Active Robot Vision for Distant Object Change Detection: A Lightweight Training Simulator Inspired by Multi-Armed Bandits

In ground-view object change detection, the recently emerging mapless navigation has great potential to navigate a robot to objects distantly detected (e.g., books, cups, clothes) and acquire high-resolution object images, to identify their change states (no-change/appear/disappear). However, naively performing full journeys for every distant object requires huge sense/plan/action costs, proportional to the number of objects and the robot-to-object distance.
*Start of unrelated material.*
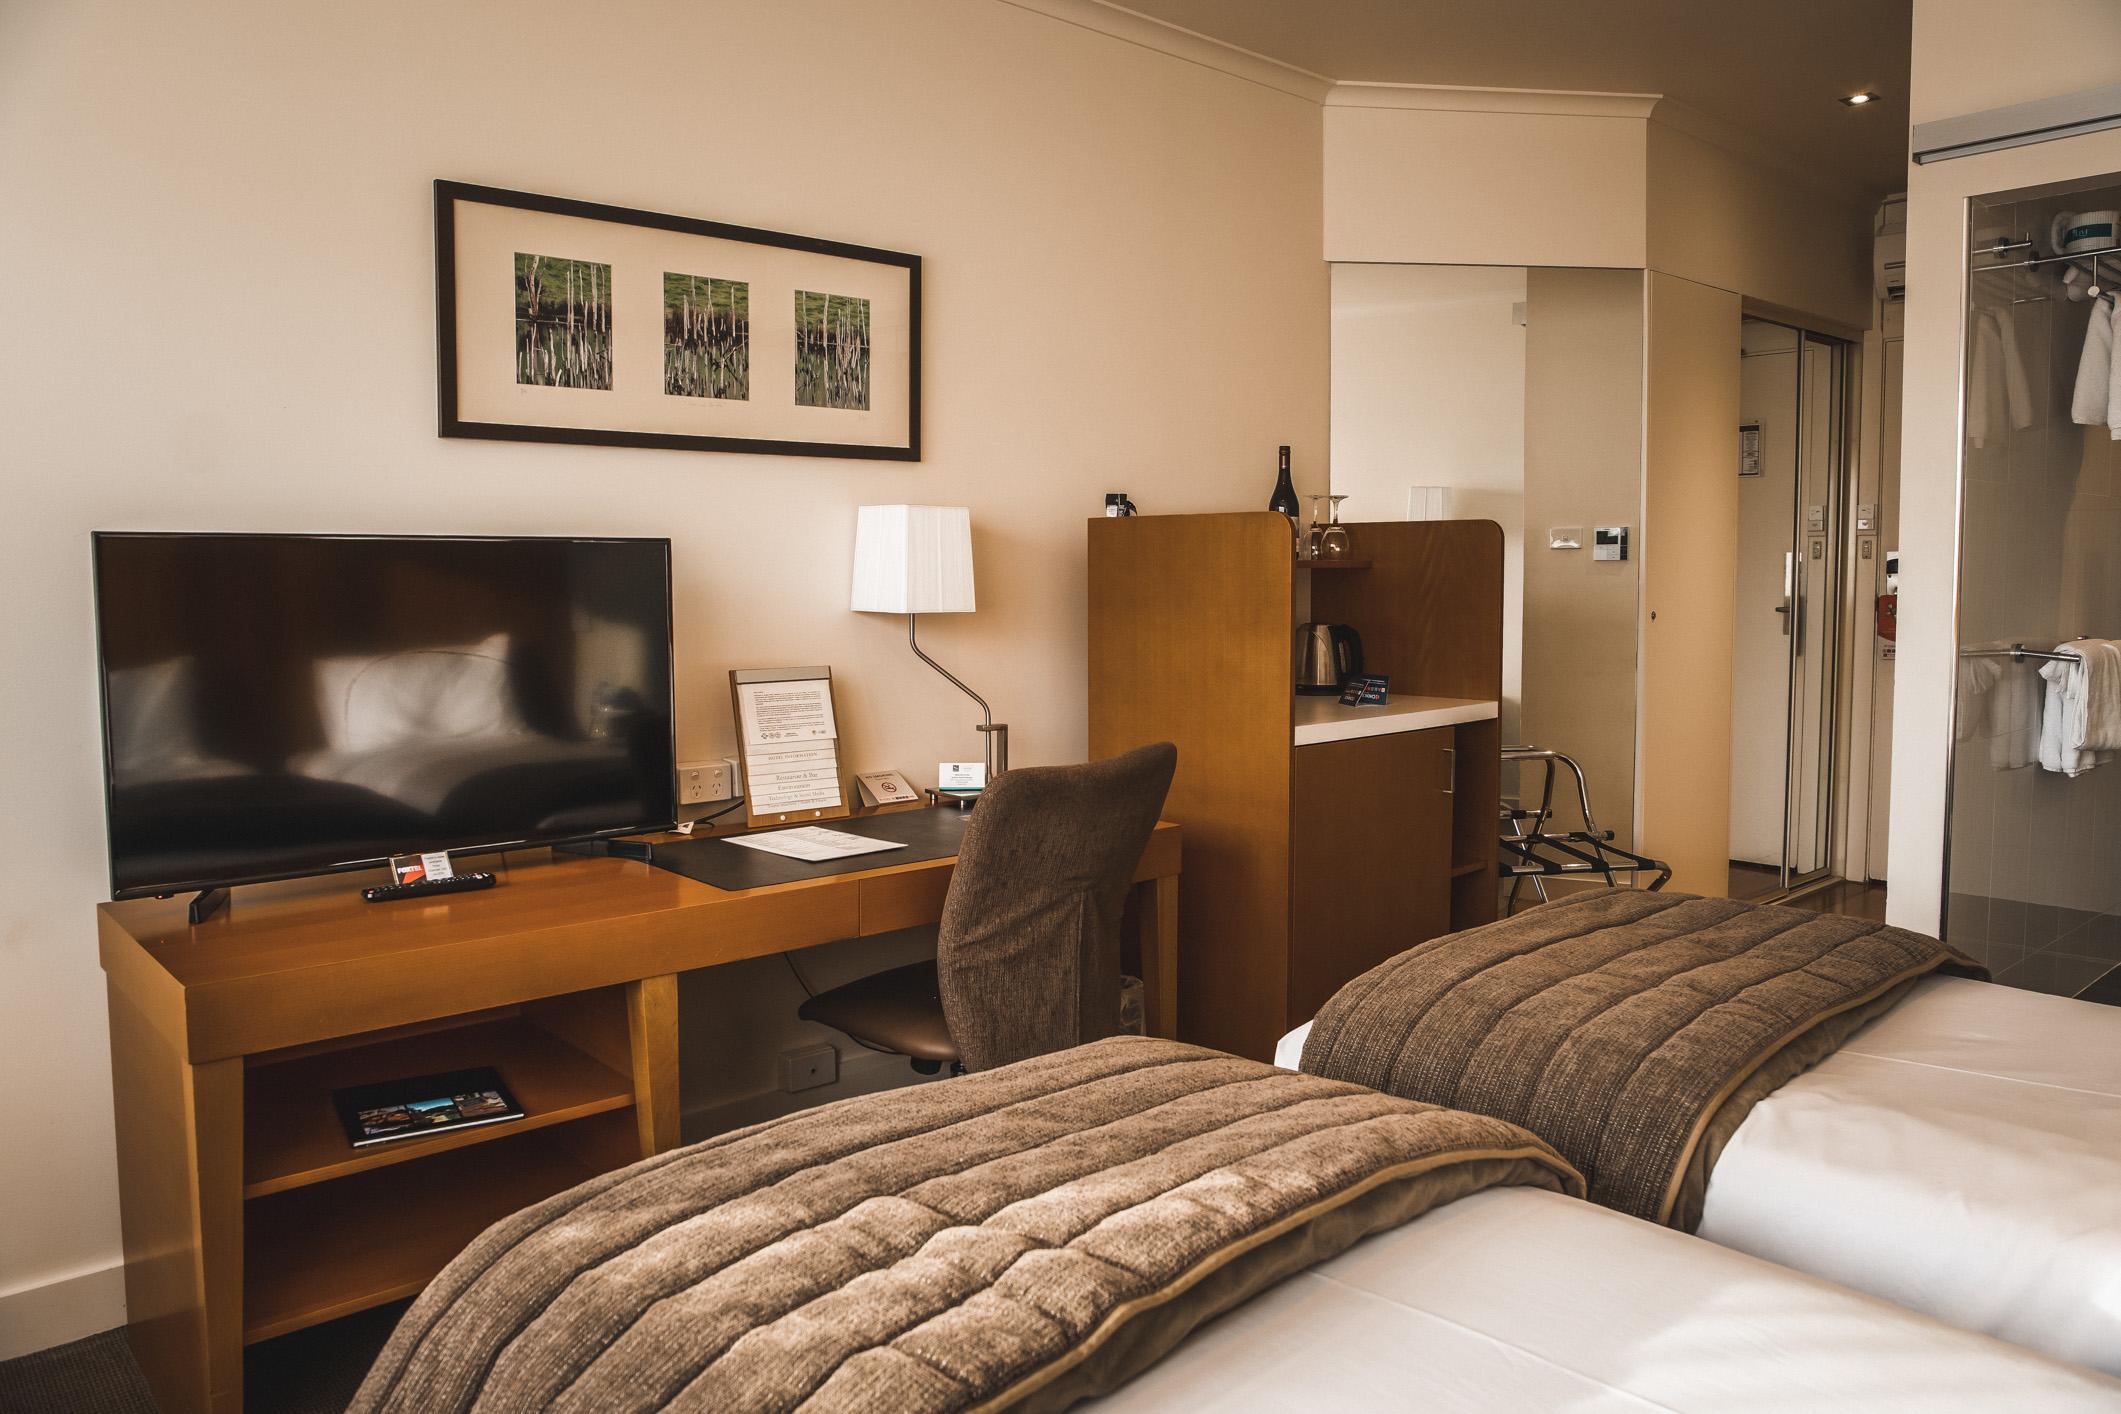 Gateway Hotel (Web) (1 of 15).jpg
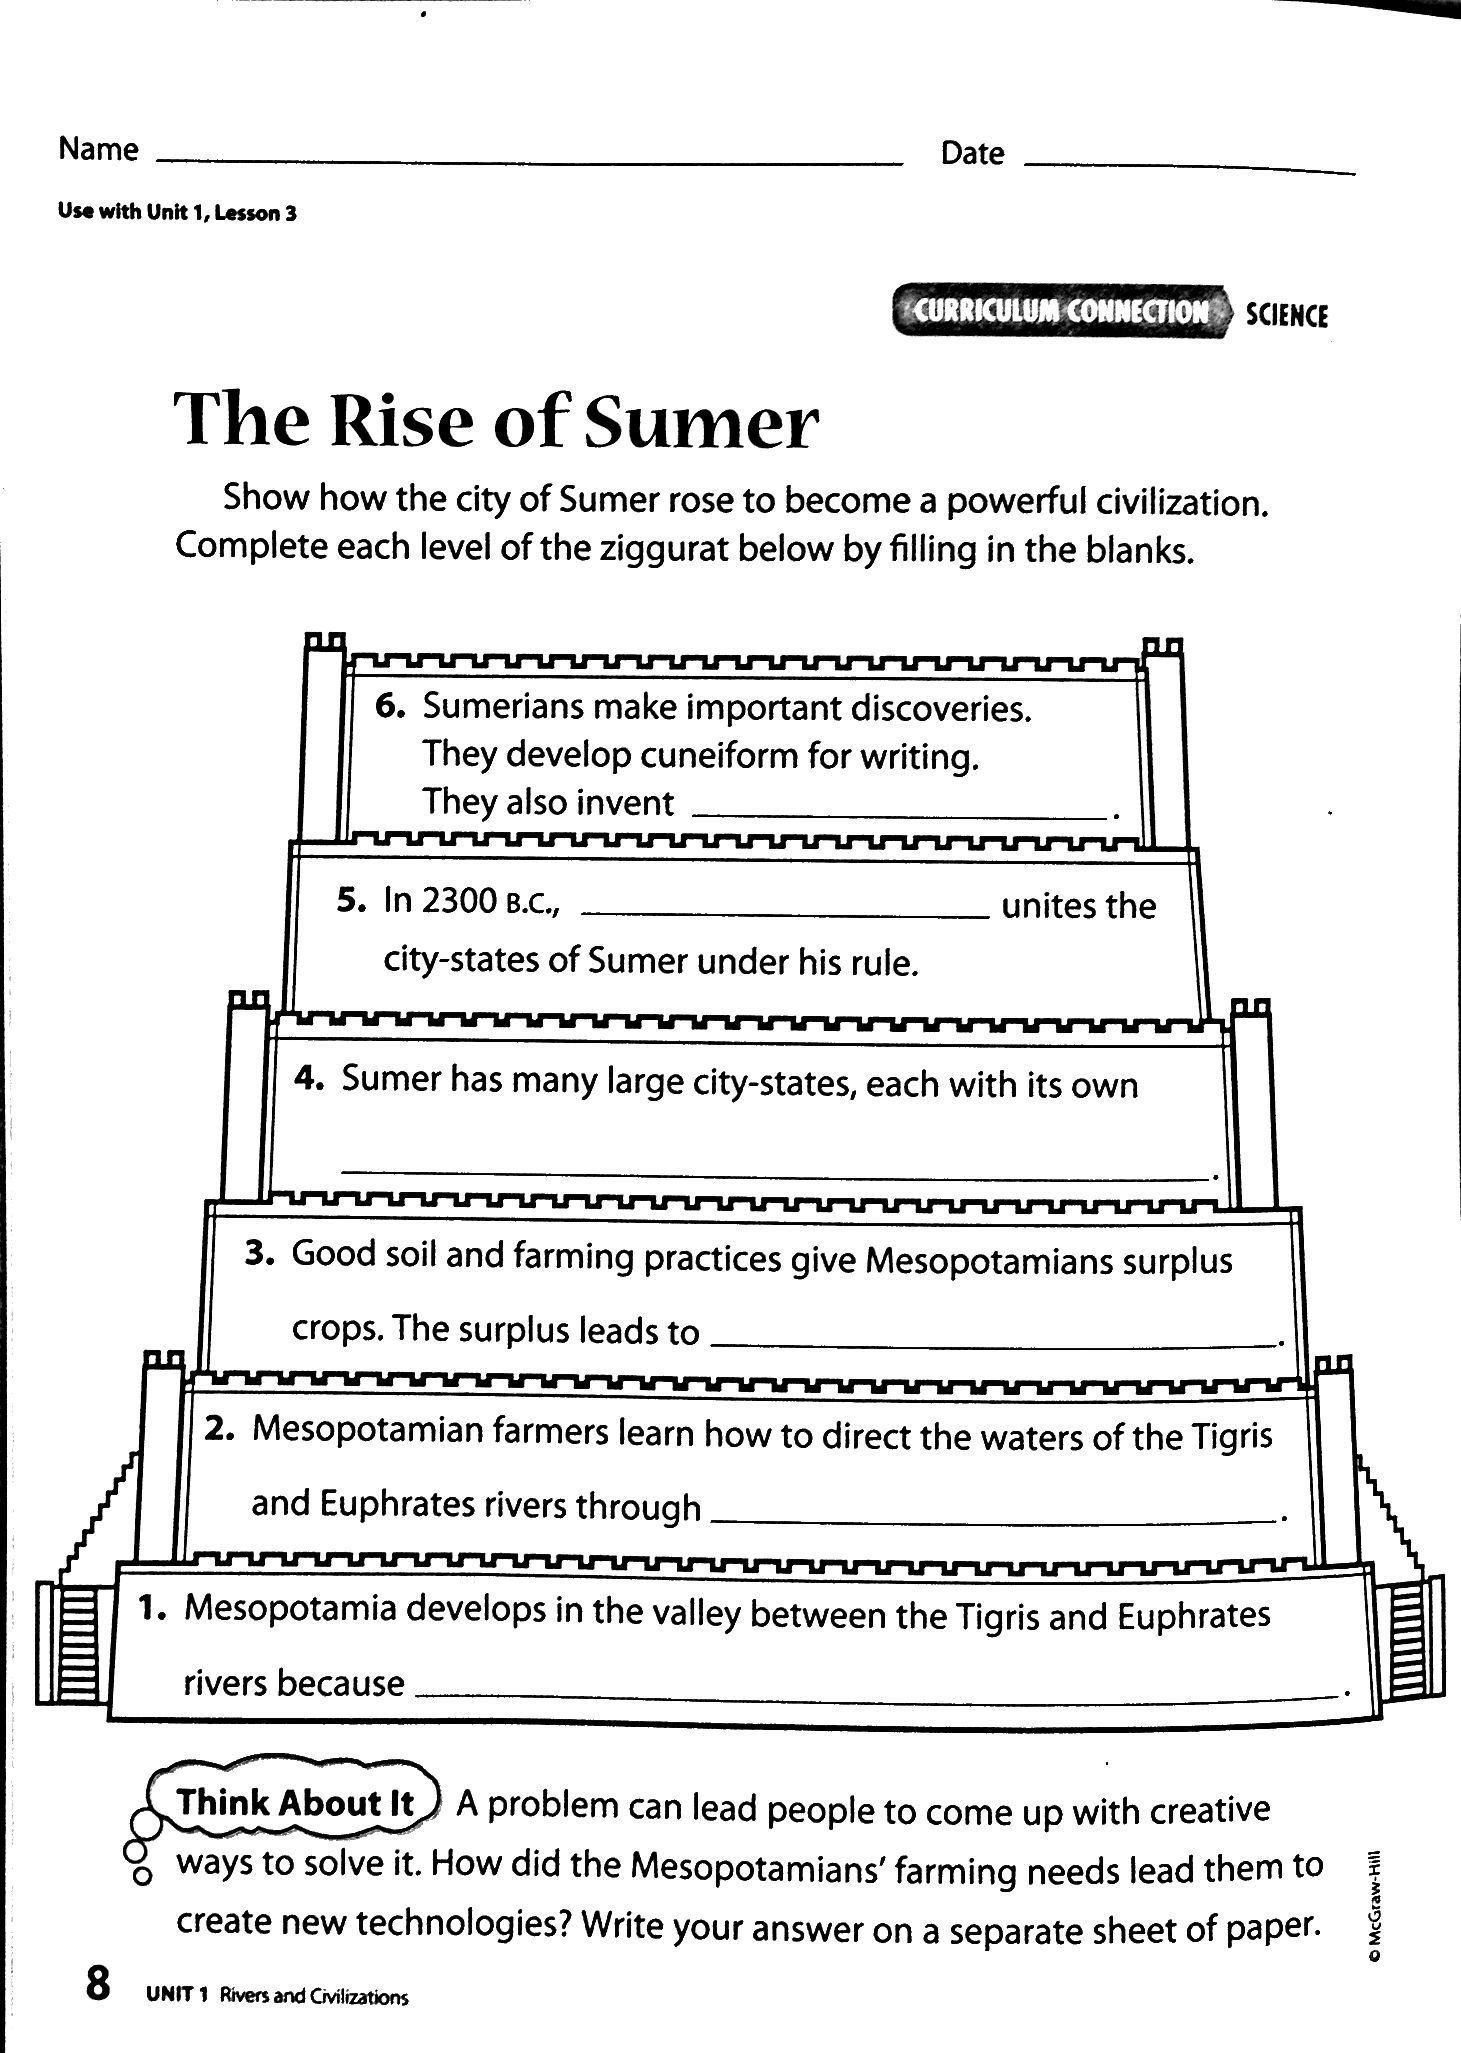 medium resolution of the-rise-of-sumer.jpg 1

To address this issue, we explore a new map-based active vision problem in this work: ``Which journey should the robot select next?" However, the feasibility of the active vision framework remains unclear; Since distant objects are only uncertainly recognized, it is unclear whether they can provide sufficient cues for action planning. This work presents an efficient simulator for feasibility testing, to accelerate the early-stage R&D cycles (e.g., prototyping, training, testing, and evaluation). The proposed simulator is designed to identify the degree of difficulty that a robot vision system (sensors/recognizers/planners/actuators) would face when applied to a given environment (workspace/objects). Notably, it requires only one real-world journey experience per distant object to function, making it suitable for an efficient R&D cycle. Another contribution of this work is to present a new lightweight planner inspired by the traditional multi-armed bandit problem. Specifically, we build a lightweight map-based planner on top of the mapless planner, which constitutes a hierarchical action planner. We verified the effectiveness of the proposed framework using a semantically non-trivial scenario ``sofa as bookshelf".

翻译：在地面视角物体变化检测中，近年来出现的无地图导航技术具有巨大潜力，能够引导机器人前往远距离检测到的物体（如书籍、杯子、衣物），并获取高分辨率物体图像以识别其变化状态（未变化/出现/消失）。然而，为每个远距离物体简单执行完整行程需要巨大的感知/规划/动作代价，且该代价与物体数量及机器人-物体距离成正比。为解决这一问题，本文探索了一个基于地图的新型主动视觉问题：“机器人下一步应选择哪条行程？”但主动视觉框架的可行性尚不明确：由于远距离物体仅能被不确定地识别，尚不清楚它们能否为动作规划提供充分线索。本文提出了一种高效的可行性测试模拟器，以加速早期研发周期（如原型设计、训练、测试与评估）。所提出的模拟器旨在量化机器人视觉系统（传感器/识别器/规划器/执行器）在特定环境（工作空间/物体）中运行时面临的困难程度。值得注意的是，该模拟器仅需每个远距离物体一次真实世界行程经验即可运行，使其适用于高效的研发周期。本文的另一贡献是提出了一种受传统多臂赌博机问题启发的轻量级规划器。具体而言，我们在无地图规划器之上构建了轻量级基于地图的规划器，形成了层次化动作规划架构。我们通过“沙发当书架”这一语义复杂的场景验证了所提框架的有效性。